一夜の過ちは一生の過ちだった 【完】
強く握られた指がなんだか寂しそうで、指を握り返すと、振り払う様に手を離された。
そのまま身体も離れていった。

束縛から解放された身体から、さっきまで感じていたクロエさんの熱や感触が消えていく。
汗ばんでいた手は渇いていって、シトラスの香りも煙草の香りも薄らいでいく。

余韻がすべて消えるまで天井を眺めた。
高くて真っ黒な天井は、余計な事を考えさせないでくれた。
次第に、さっきまでの出来事と今が切り離されていく。

「クロエさん……?」

呼びかけてみても何も返ってこない。
身体を起こしてクロエさんの方を見ると、両手で顔を覆っていた。



「最低」



やっと返ってきた応えは、小さく震えていた。
ごめん、と消えてしまいそうな声で言うと、クロエさんは膝を抱えて頭を深く(うず)めた。

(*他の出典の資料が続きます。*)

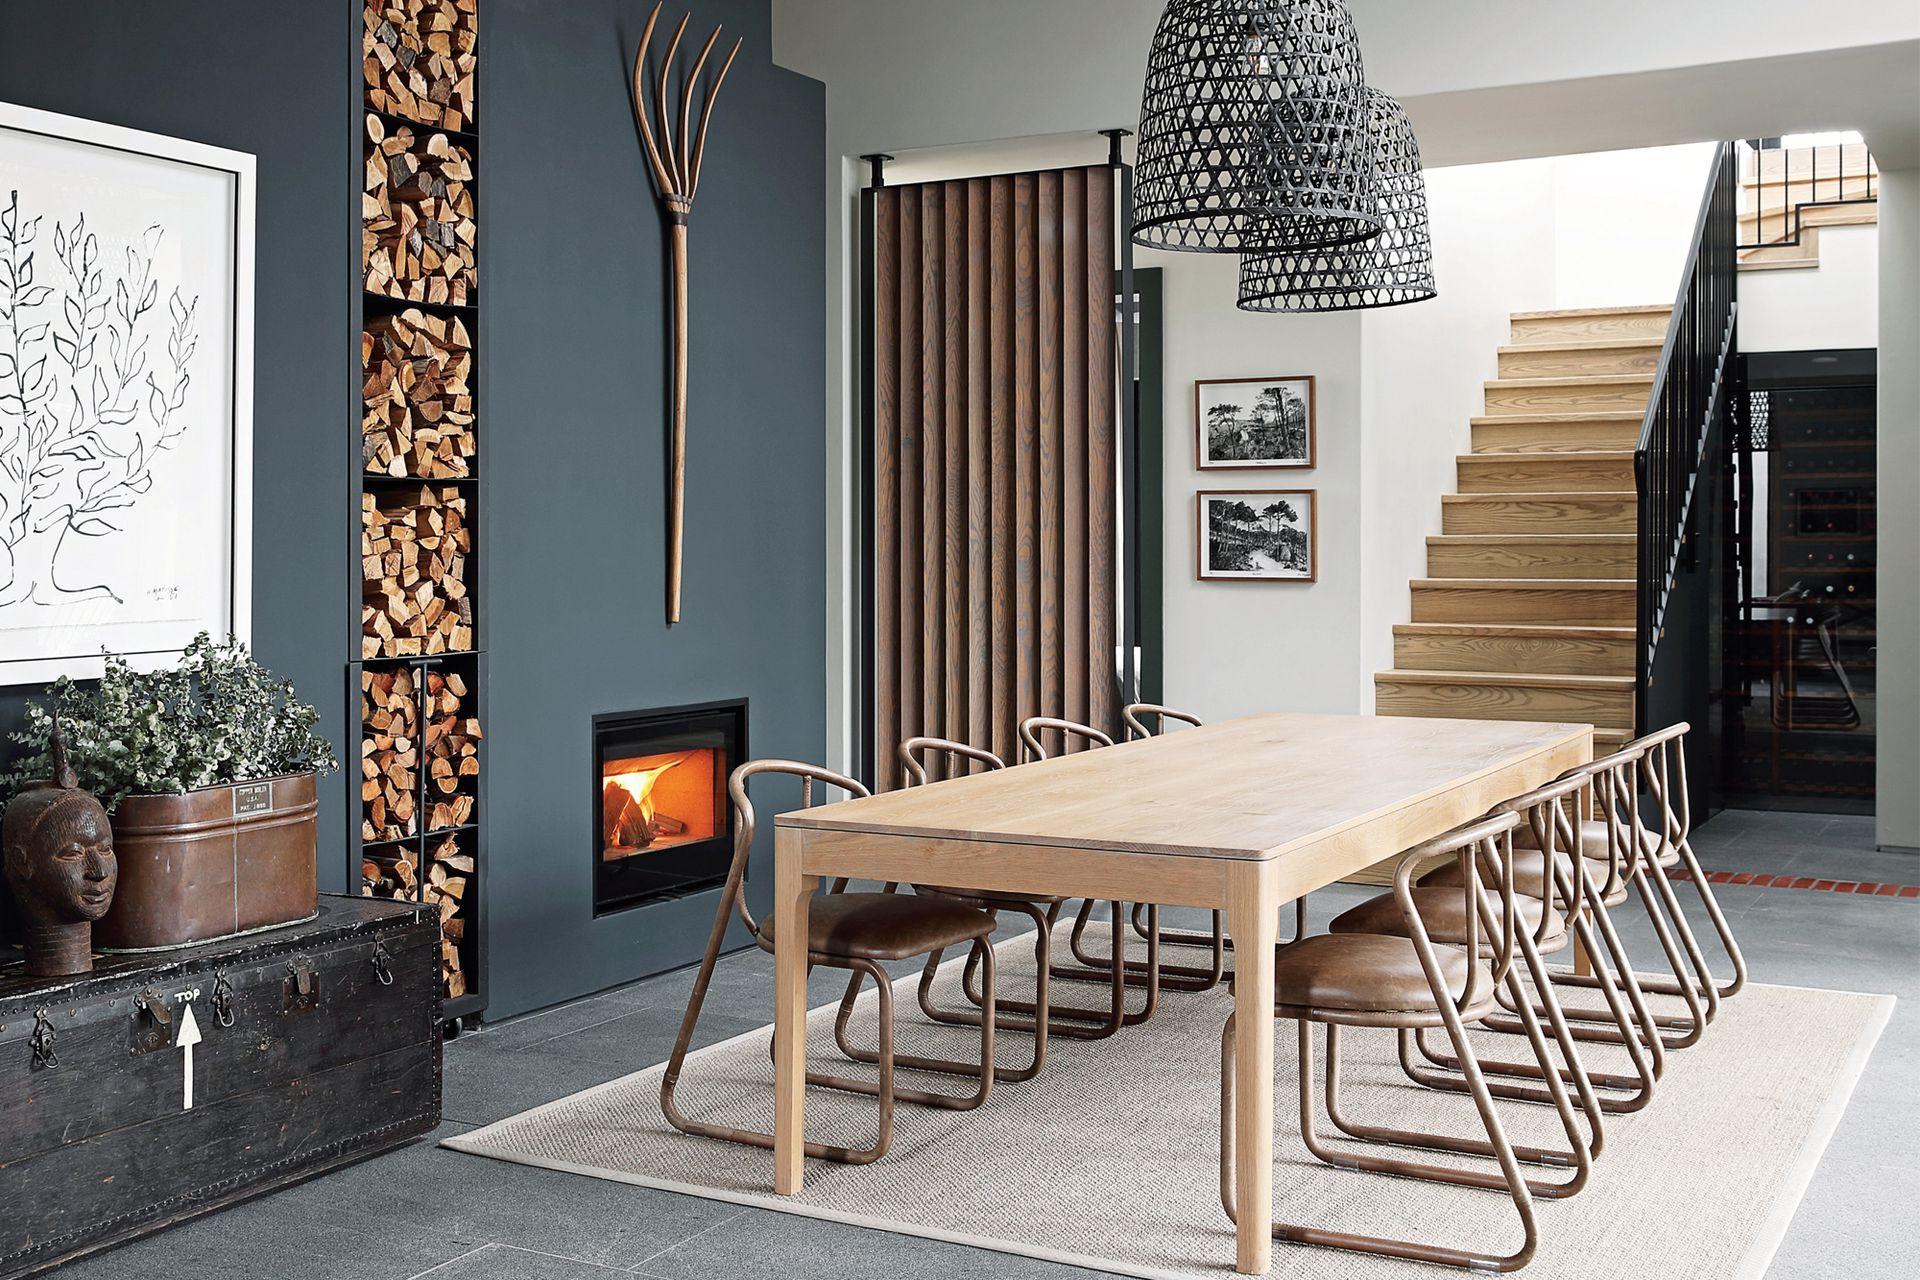 Chimenea (Charnwood). Mesa 'Harris' (James Mudge). Sillas de acero tubular con asiento tapizado en cuero (Studio 19). Lámparas colgantes (Loft Living).

自分がしてもらったように、頭や身体を撫でようかと手を伸ばしたけれど、何も出来ずに手を引いた。

膝を抱える姿を見て、知りたいと思った。
昨日から引っ掛かっている事を。


「昨日の夜に言ってた、同じって……どういう意味ですか?」


クロエさんの肩が(わず)かに反応する。

自分はただの20歳の子供で、社会経験もなくて、お酒を綺麗に呑むことも出来なくて、一昨日の夜に会ったばかりの人間。
答えてもらえないかもしれない。

だけど、聞かなかったら後悔するような気がした。